Саладин не был диктатором[169]
. Его империя представляла собой лоскутное одеяло, сотканное из амбиций алчных эмиров, мятежных князей и честолюбивых братьев, сыновей и племянников, которым он жаловал уделы в обмен на верность, налоги и воинов. Саладину всегда не хватало денег и солдат. Лишь его харизма удерживала империю от распада. Он не был выдающимся полководцем и часто терпел поражения от крестоносцев, но был чрезвычайно упорен, при этом «никогда не лишал себя общества женщин и посвящал время удовольствиям». Большую часть жизни Саладин воевал с другими мусульманами, но теперь его главной страстью, его миссией стала священная война за возвращение Иерусалима: «Я отказываюсь от земных наслаждений, — сказал он. — Я пресытился ими».Однажды, во время войны, прогуливаясь по берегу моря, Саладин сказал своему министру Ибн Шаддаду: «Я мечтаю о том, что когда Аллах даст мне завоевать все остальное побережье, я разделю свои земли, составлю завещание и пущусь в плавание по этому морю — в погоню за неверными — и буду преследовать их до тех пор, пока на лице земли не останется никого, кто бы отрицал Бога. Либо же я умру, пытаясь сделать это». Он следил за чистотой ислама еще более жестко, чем Фатимиды. Узнав о юном мусульманине-еретике, проповедовавшем в его землях, Саладин приказал распять его и оставить тело на кресте на много дней. Сидя ночами в окружении военачальников и ученых мужей, принимая гонцов и просто беседуя, он чувствовал себя наиболее счастливым. Он чтил ученых и поэтов, и его двор был бы не полон без 90-летнего Усамы ибн Мункыза, вспоминавшего потом, как султан разыскал его и вырвал из когтей злого рока.
Саладин хромал и часто болел, и тогда за ним ухаживал двадцать один врач — семь мусульманских лекарей, семь евреев (в том числе Маймонид) и семь христиан.
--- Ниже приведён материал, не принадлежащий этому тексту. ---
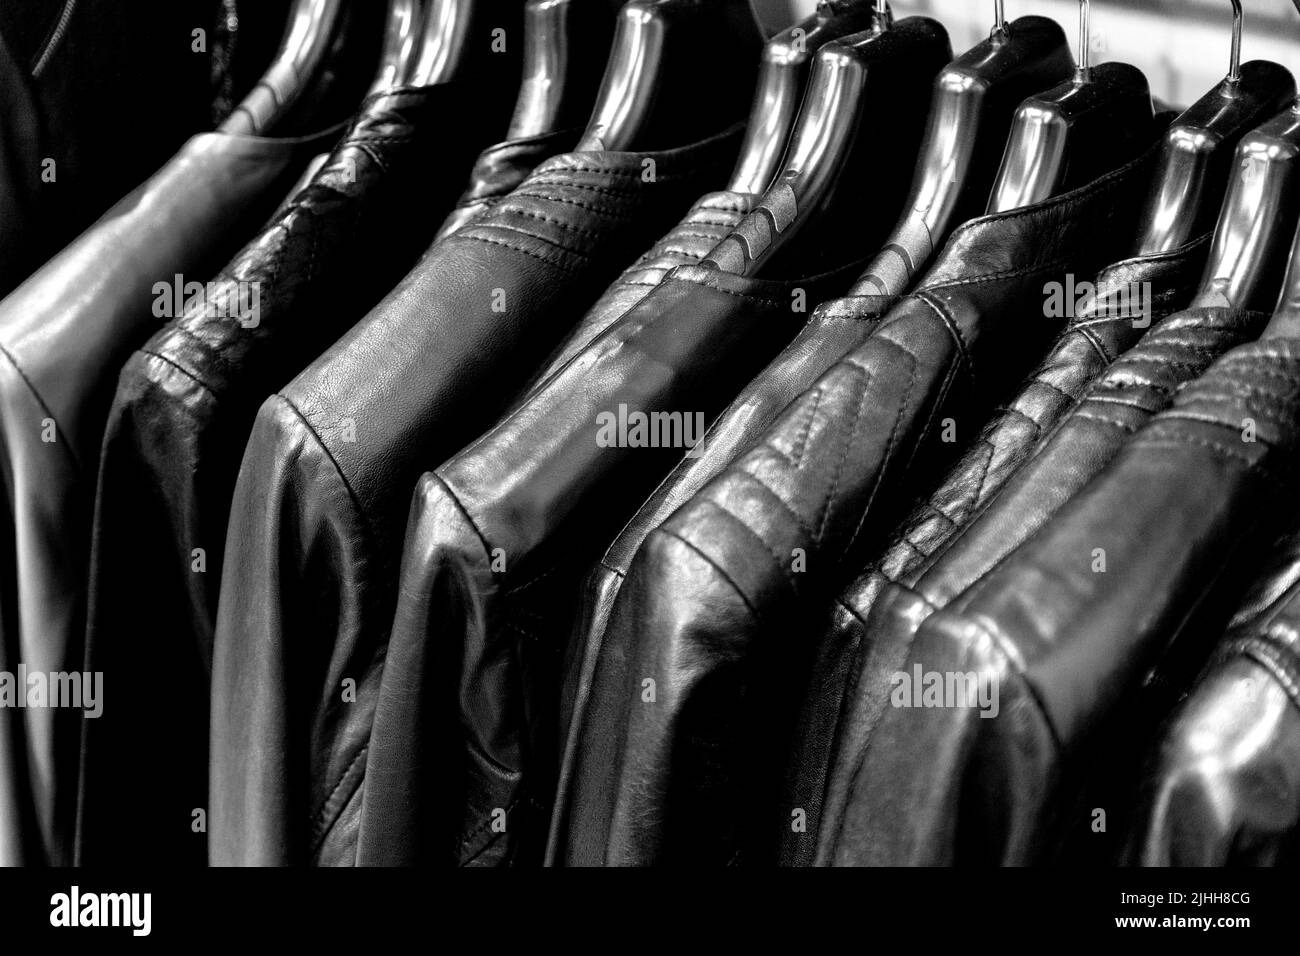 Colourful leather jackets in red and black hanging on a rail Stock Photo

Но стоило султану подняться для молитвы или приказать подать свечей, придворные сразу понимали: вечер окончен. И если сам Саладин был выше того, чтобы кого-то попрекать или бранить, то его гедонистическая и честолюбивая родня не была столь же сдержанна.
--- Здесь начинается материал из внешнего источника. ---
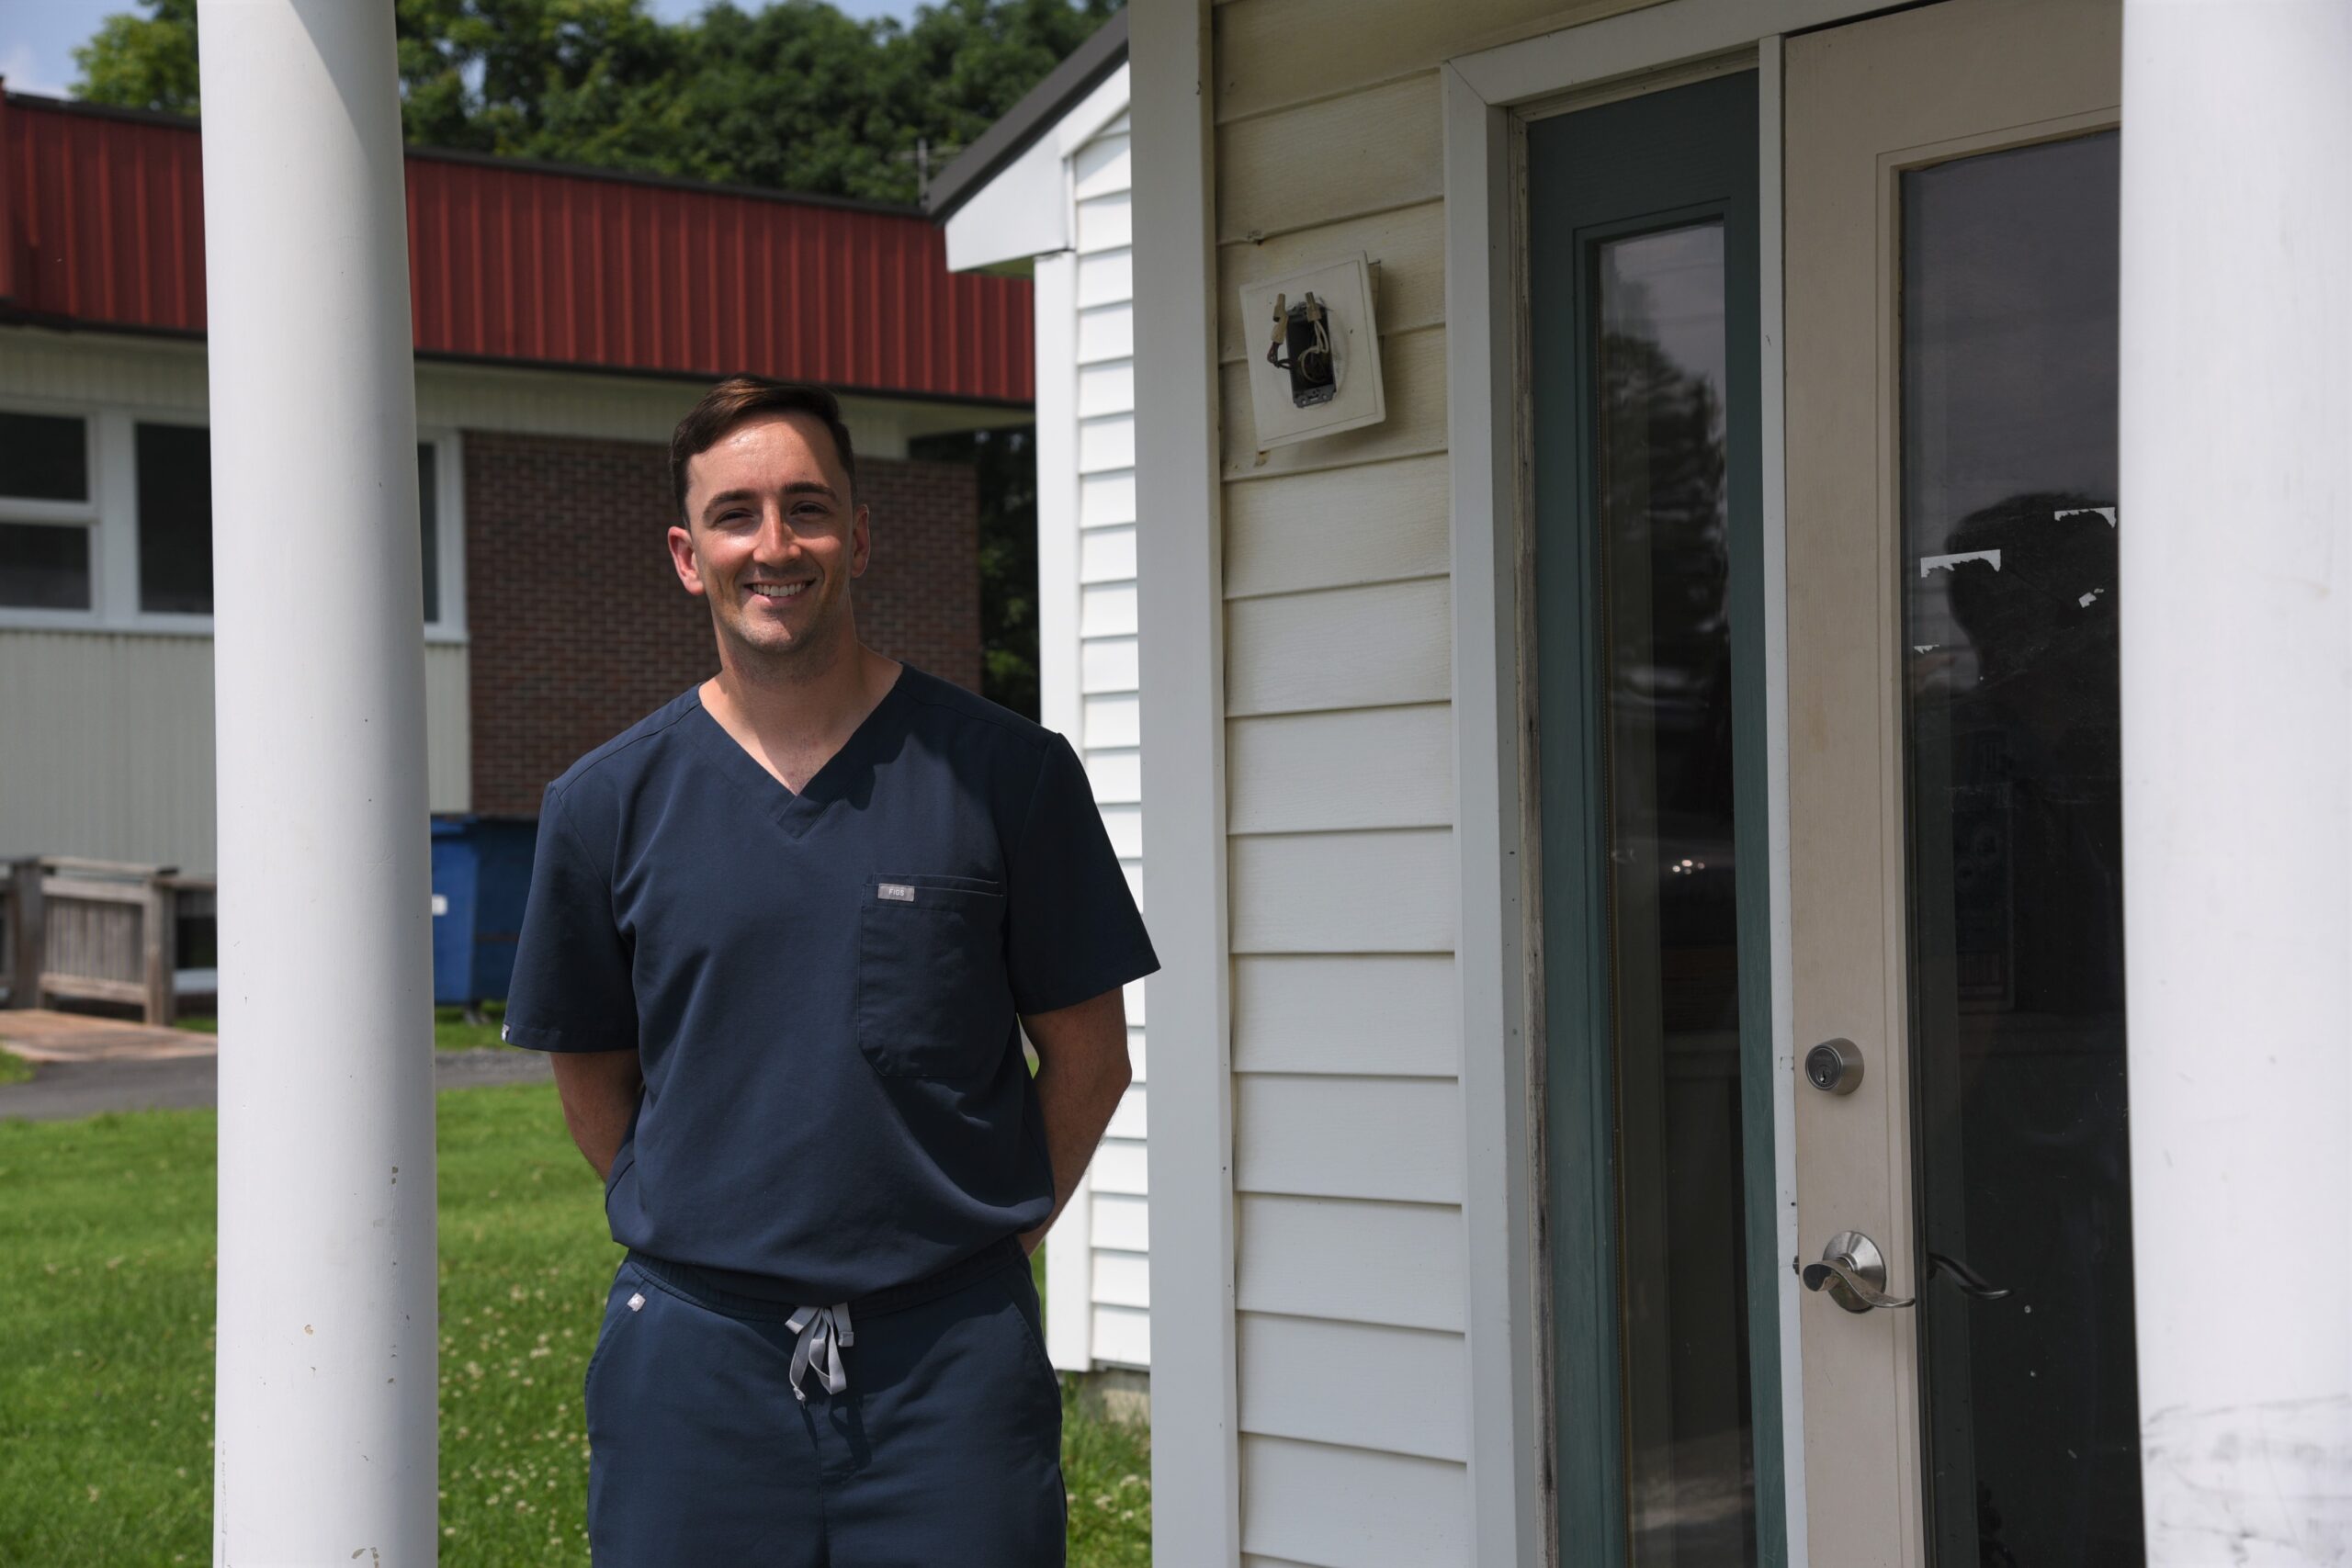 New owner of dental practice seems to be to develop in Presque Isle

По свидетельству сатирика аль-Вахрани, юные принцы устраивали оргии, на которых гости бегали голыми на четвереньках, завывая, словно собаки, и высасывали вино из пупков поющих девушек — «а в это время мечети зарастали паутиной». Дамасские арабы непрерывно ворчали по поводу правителя-курда. Писатель Ибн Унайн издевался над египетскими чиновниками Саладина, особенно над чернокожими суданцами: «Будь я столь же черным, да еще и с головой, как у слона, толстыми руками и огромным членом, тогда бы ты склонил ухо к моему прошению». Саладин отправил Ибн Унайна в изгнание за подобные дерзости.